◆ **RECORDED INFORMATION**:
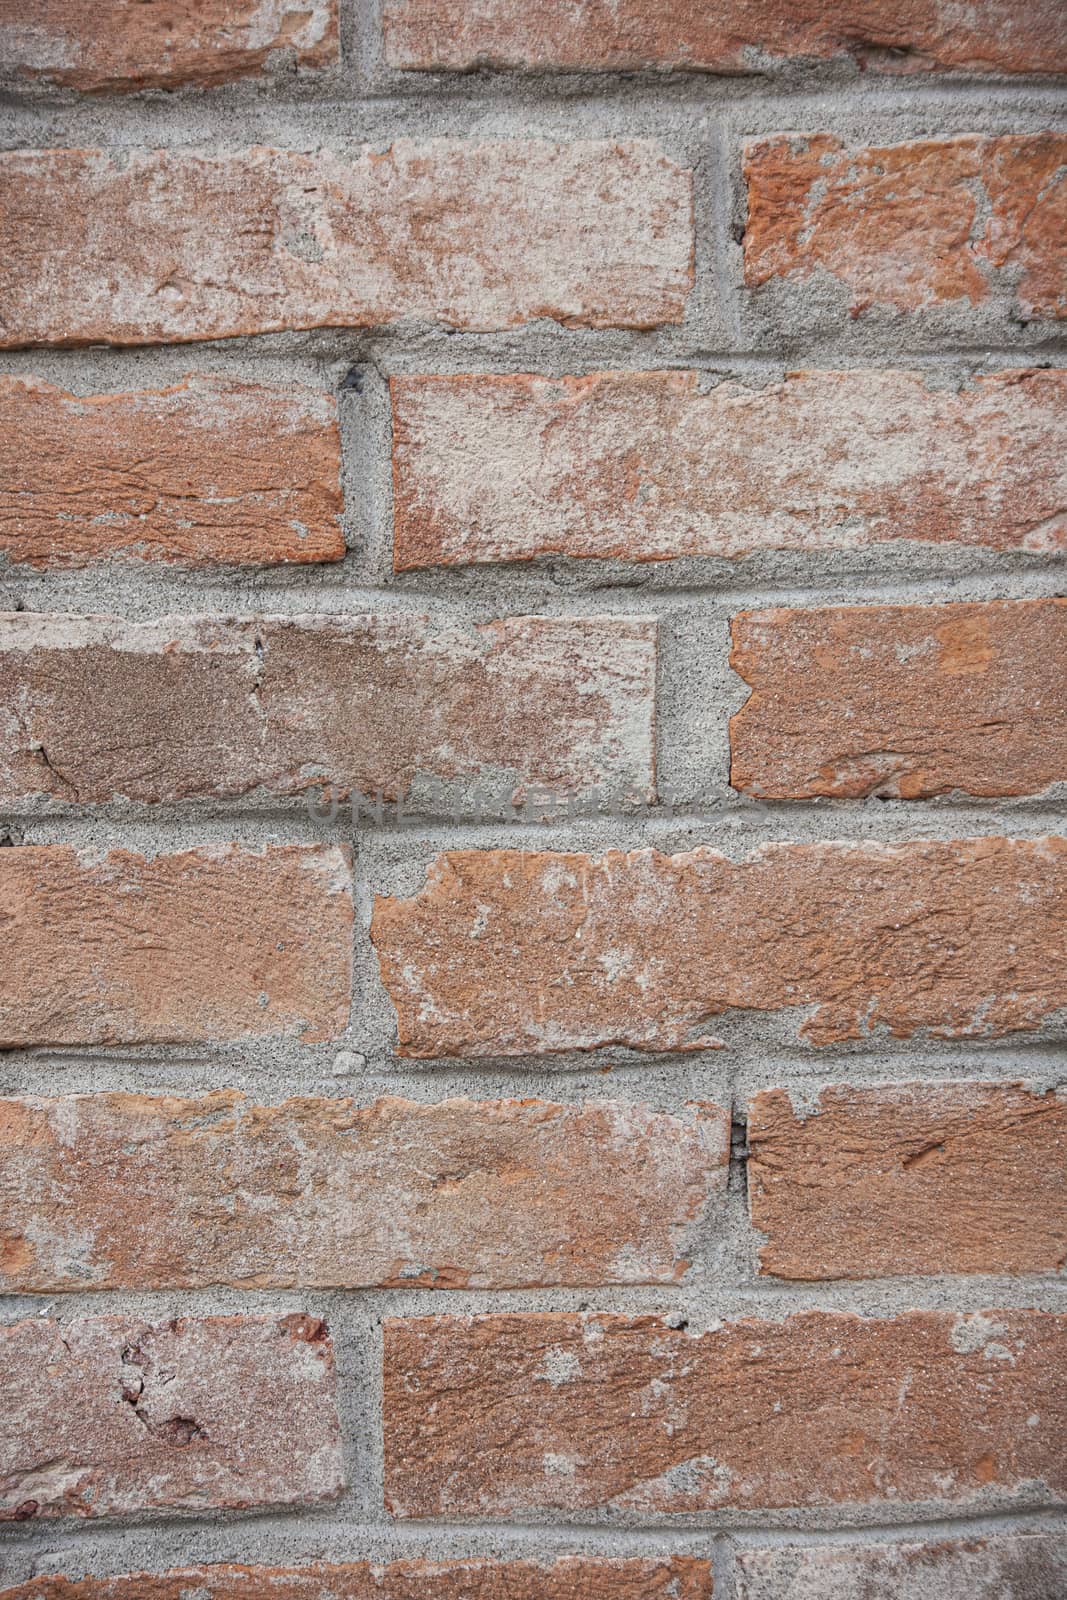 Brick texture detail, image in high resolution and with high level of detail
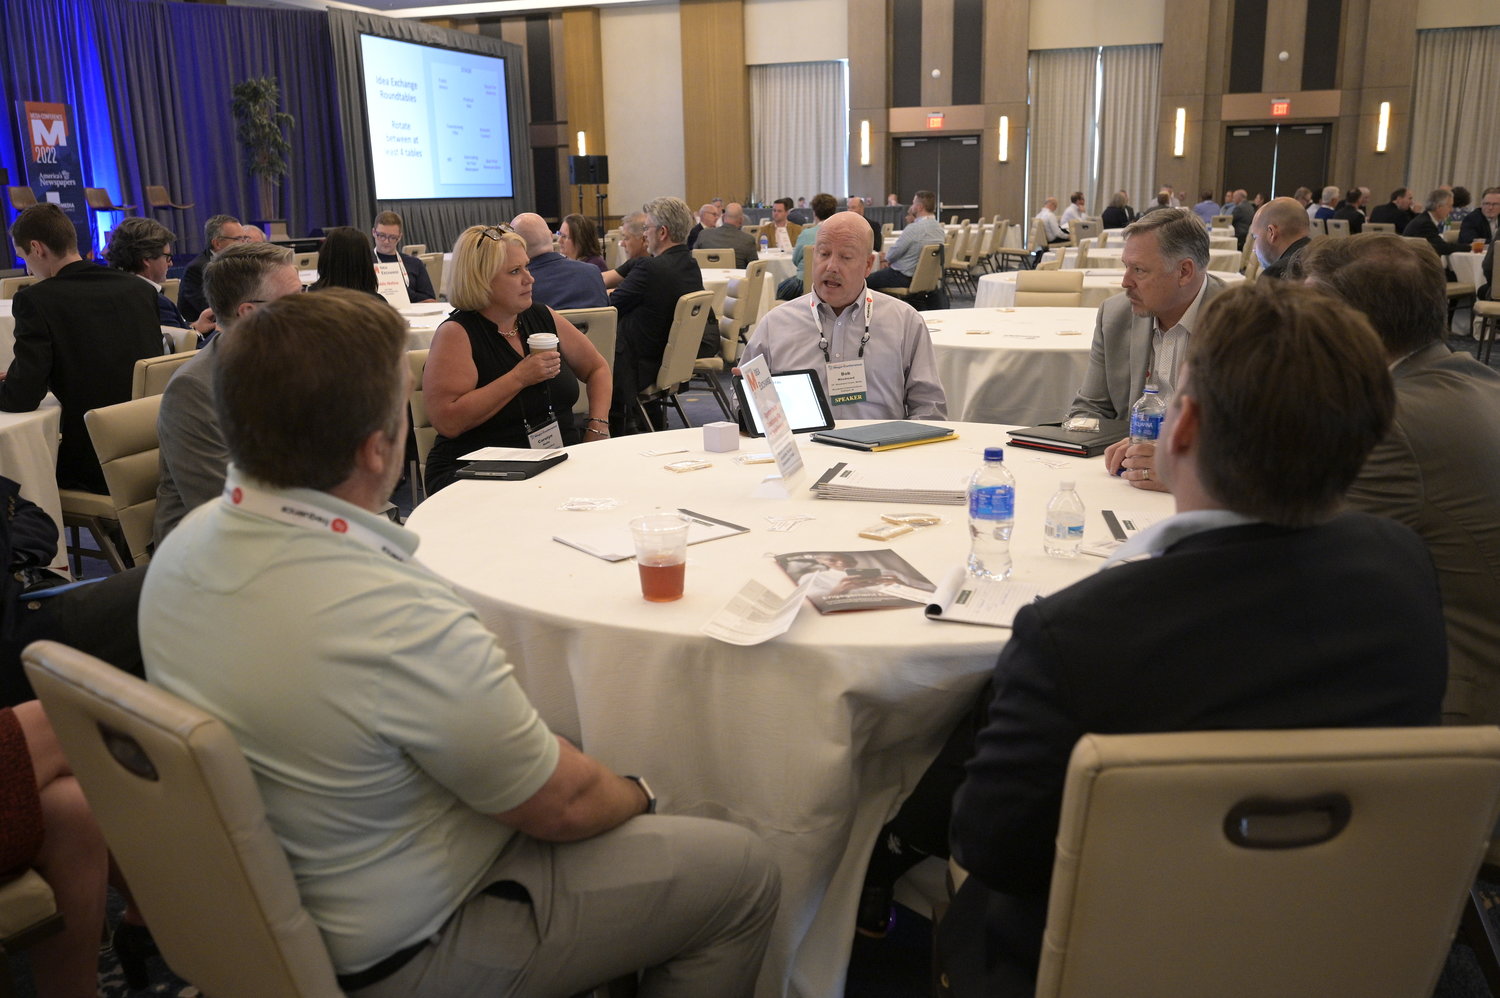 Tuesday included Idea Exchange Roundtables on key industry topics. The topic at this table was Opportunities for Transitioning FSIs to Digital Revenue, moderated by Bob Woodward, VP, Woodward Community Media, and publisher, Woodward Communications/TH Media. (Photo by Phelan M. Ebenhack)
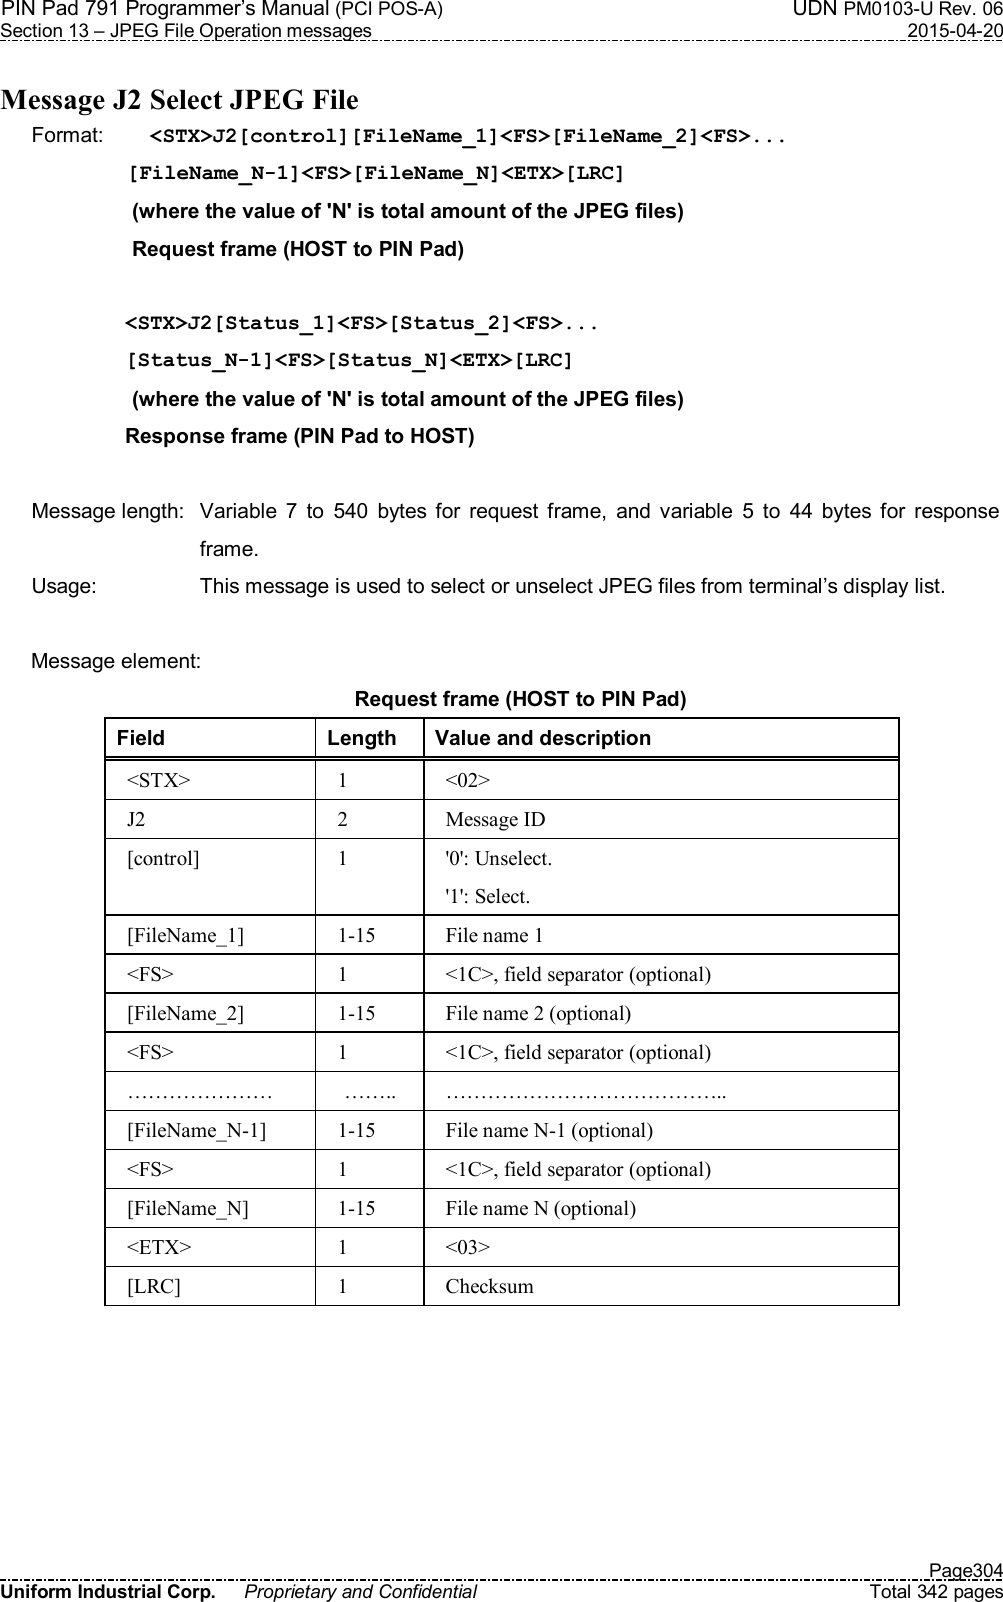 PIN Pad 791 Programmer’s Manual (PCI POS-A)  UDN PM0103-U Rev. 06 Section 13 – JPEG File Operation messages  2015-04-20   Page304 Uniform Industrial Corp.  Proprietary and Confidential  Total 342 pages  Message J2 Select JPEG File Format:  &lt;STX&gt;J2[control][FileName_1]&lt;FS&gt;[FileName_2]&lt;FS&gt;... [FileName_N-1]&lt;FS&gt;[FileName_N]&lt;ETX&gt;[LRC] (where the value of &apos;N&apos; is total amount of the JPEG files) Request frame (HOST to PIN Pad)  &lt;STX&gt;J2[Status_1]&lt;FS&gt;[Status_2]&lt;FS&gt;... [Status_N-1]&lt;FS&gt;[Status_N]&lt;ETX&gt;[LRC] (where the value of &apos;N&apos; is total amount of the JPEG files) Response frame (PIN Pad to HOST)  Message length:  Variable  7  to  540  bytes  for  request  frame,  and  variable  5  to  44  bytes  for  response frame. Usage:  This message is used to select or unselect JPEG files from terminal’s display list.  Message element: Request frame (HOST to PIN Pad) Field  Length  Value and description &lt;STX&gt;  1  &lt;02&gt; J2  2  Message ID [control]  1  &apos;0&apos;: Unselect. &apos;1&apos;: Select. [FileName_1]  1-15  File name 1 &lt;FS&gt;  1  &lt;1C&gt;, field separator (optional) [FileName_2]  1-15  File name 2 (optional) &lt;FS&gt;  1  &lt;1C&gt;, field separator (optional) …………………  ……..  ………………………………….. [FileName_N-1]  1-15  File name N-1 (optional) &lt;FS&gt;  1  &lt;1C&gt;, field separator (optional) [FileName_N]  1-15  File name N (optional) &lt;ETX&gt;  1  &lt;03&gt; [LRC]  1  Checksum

◆ **YOUR INSTRUCTIONS**: Repeat all of the data above word for word, minus the pictures.

◆ **TASK OUTPUT**:
 Brick texture detail, image in high resolution and with high level of detail
 Tuesday included Idea Exchange Roundtables on key industry topics. The topic at this table was Opportunities for Transitioning FSIs to Digital Revenue, moderated by Bob Woodward, VP, Woodward Community Media, and publisher, Woodward Communications/TH Media. (Photo by Phelan M. Ebenhack)
 PIN Pad 791 Programmer’s Manual (PCI POS-A)  UDN PM0103-U Rev. 06 Section 13 – JPEG File Operation messages  2015-04-20   Page304 Uniform Industrial Corp.  Proprietary and Confidential  Total 342 pages  Message J2 Select JPEG File Format:  &lt;STX&gt;J2[control][FileName_1]&lt;FS&gt;[FileName_2]&lt;FS&gt;... [FileName_N-1]&lt;FS&gt;[FileName_N]&lt;ETX&gt;[LRC] (where the value of &apos;N&apos; is total amount of the JPEG files) Request frame (HOST to PIN Pad)  &lt;STX&gt;J2[Status_1]&lt;FS&gt;[Status_2]&lt;FS&gt;... [Status_N-1]&lt;FS&gt;[Status_N]&lt;ETX&gt;[LRC] (where the value of &apos;N&apos; is total amount of the JPEG files) Response frame (PIN Pad to HOST)  Message length:  Variable  7  to  540  bytes  for  request  frame,  and  variable  5  to  44  bytes  for  response frame. Usage:  This message is used to select or unselect JPEG files from terminal’s display list.  Message element: Request frame (HOST to PIN Pad) Field  Length  Value and description &lt;STX&gt;  1  &lt;02&gt; J2  2  Message ID [control]  1  &apos;0&apos;: Unselect. &apos;1&apos;: Select. [FileName_1]  1-15  File name 1 &lt;FS&gt;  1  &lt;1C&gt;, field separator (optional) [FileName_2]  1-15  File name 2 (optional) &lt;FS&gt;  1  &lt;1C&gt;, field separator (optional) …………………  ……..  ………………………………….. [FileName_N-1]  1-15  File name N-1 (optional) &lt;FS&gt;  1  &lt;1C&gt;, field separator (optional) [FileName_N]  1-15  File name N (optional) &lt;ETX&gt;  1  &lt;03&gt; [LRC]  1  Checksum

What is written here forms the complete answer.